Problem statement:
Print exactly the lines below between the line containing "The 2020–21 Palestinian" and the line containing "4 Pairs Finest", counting both of those lines. Leave pictures out.

Stored data:
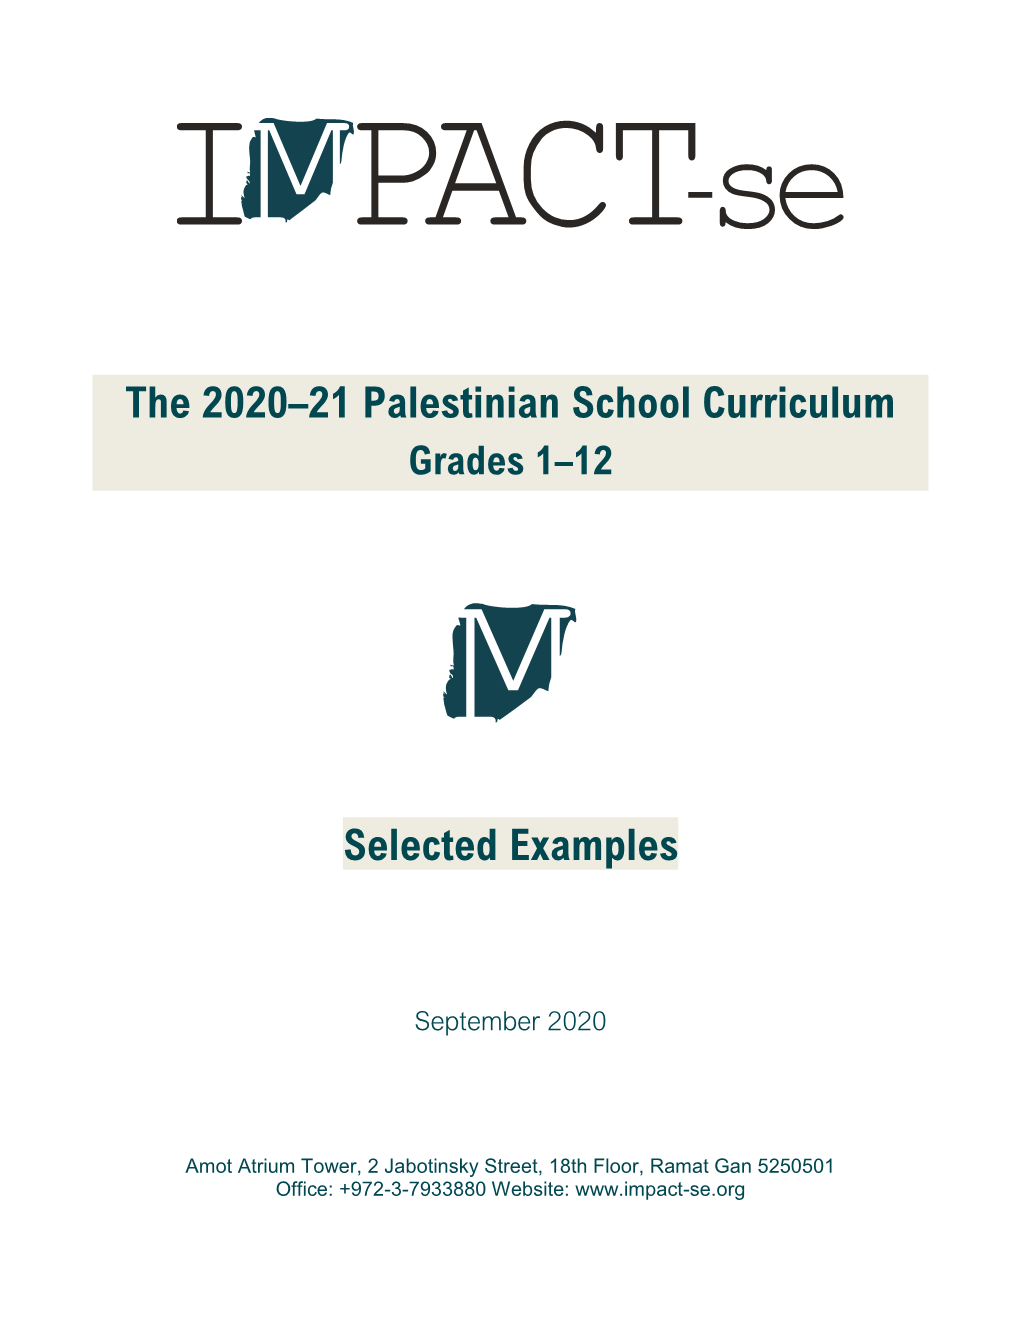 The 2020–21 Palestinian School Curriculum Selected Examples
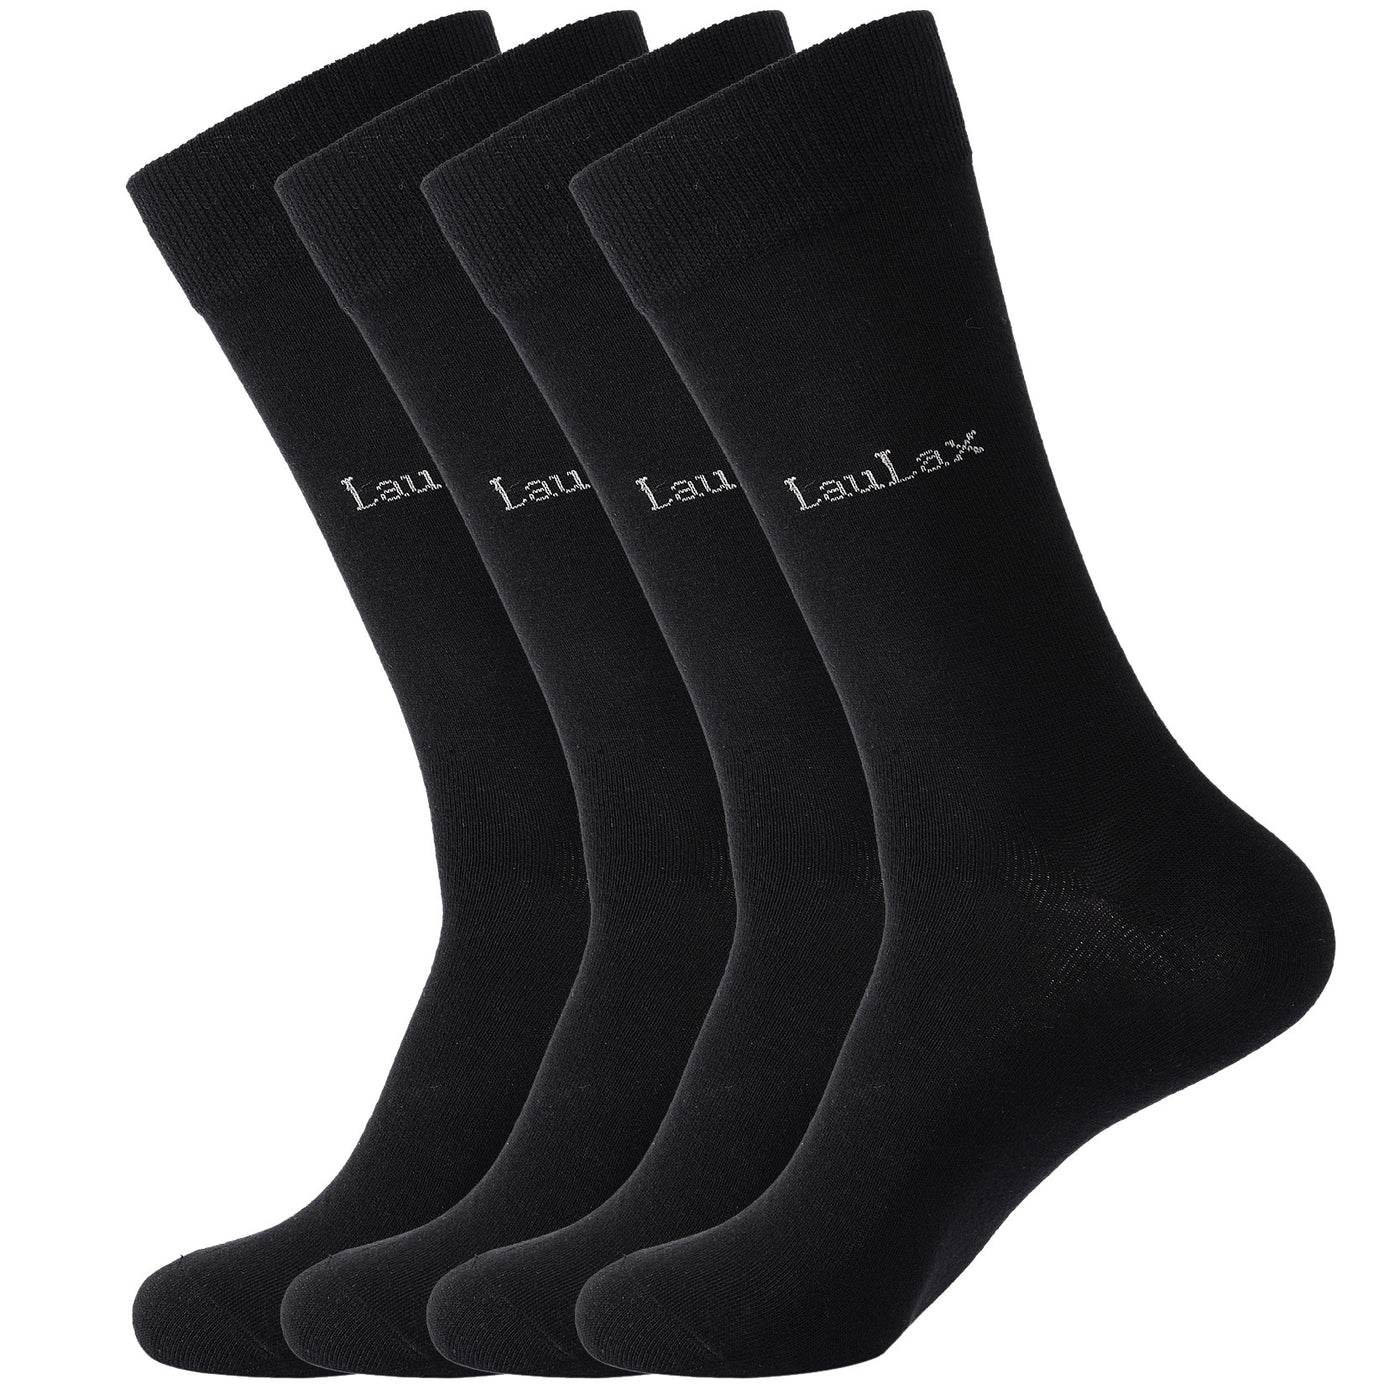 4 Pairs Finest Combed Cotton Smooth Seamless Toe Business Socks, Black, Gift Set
---
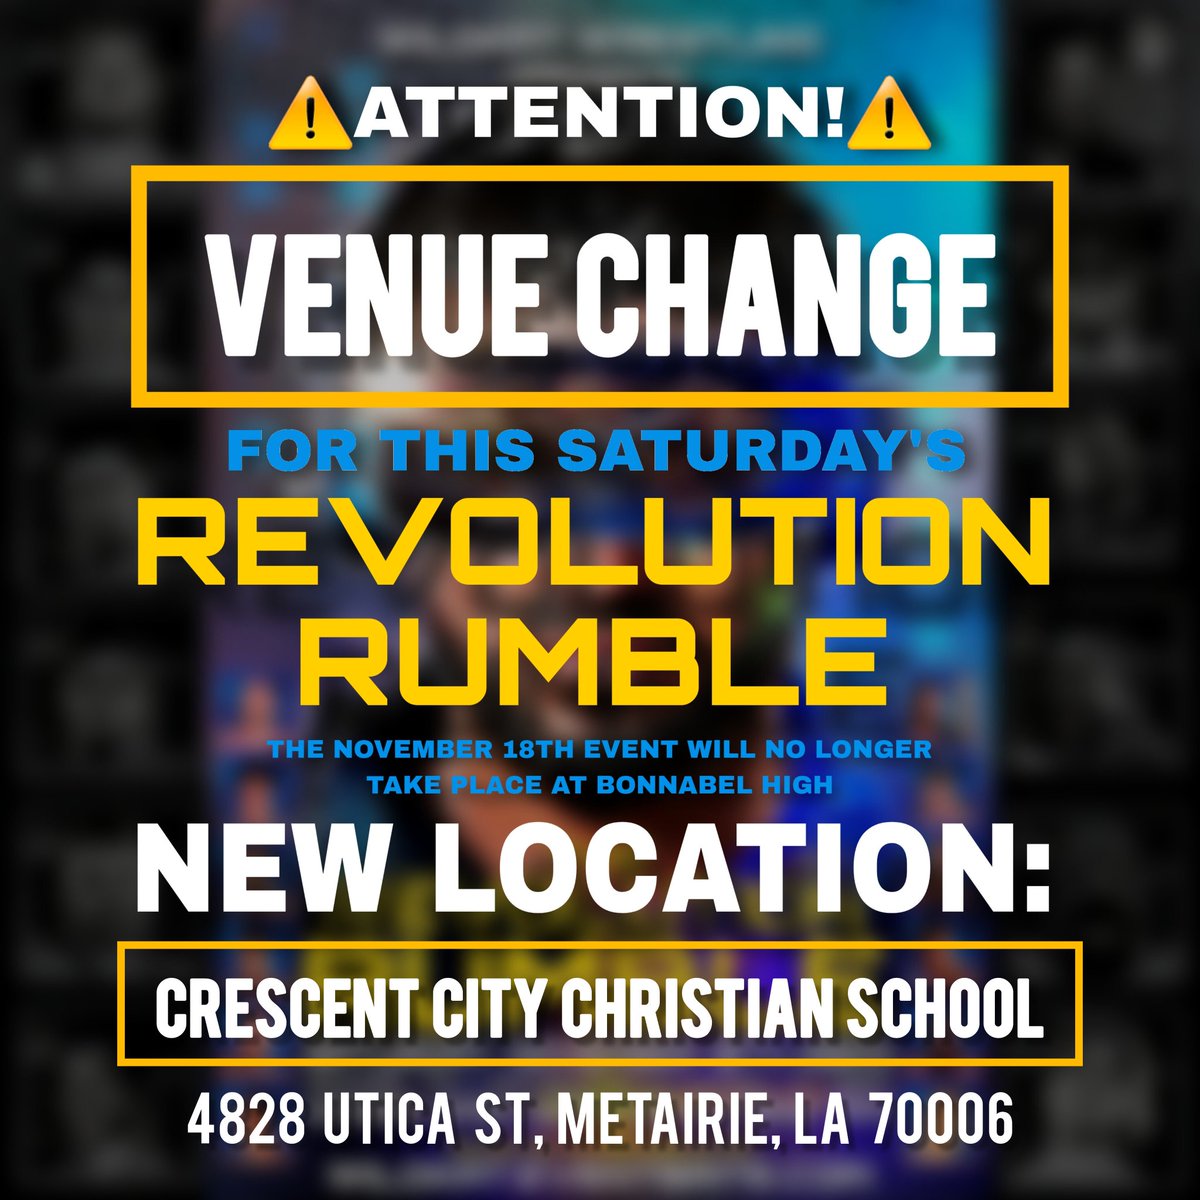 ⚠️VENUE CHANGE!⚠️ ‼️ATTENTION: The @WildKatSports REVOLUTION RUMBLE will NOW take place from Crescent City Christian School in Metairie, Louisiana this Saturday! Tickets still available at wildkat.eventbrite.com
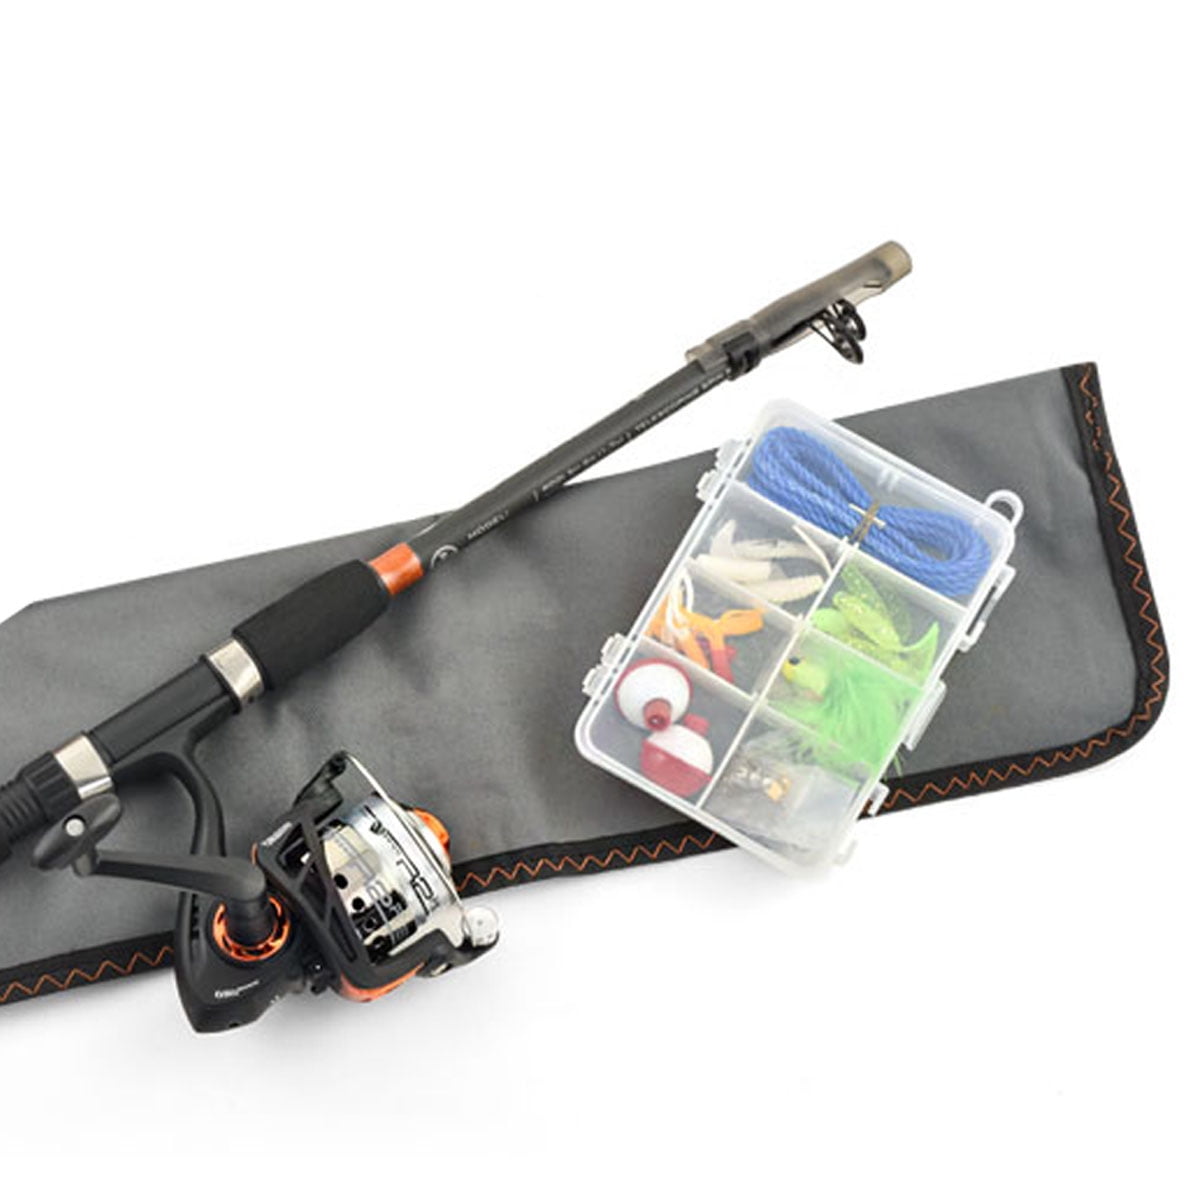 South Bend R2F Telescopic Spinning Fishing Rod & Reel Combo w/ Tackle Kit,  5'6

Task output:
 The 2020–21 Palestinian School Curriculum Selected Examples
 4 Pairs Finest Combed Cotton Smooth Seamless Toe Business Socks, Black, Gift Set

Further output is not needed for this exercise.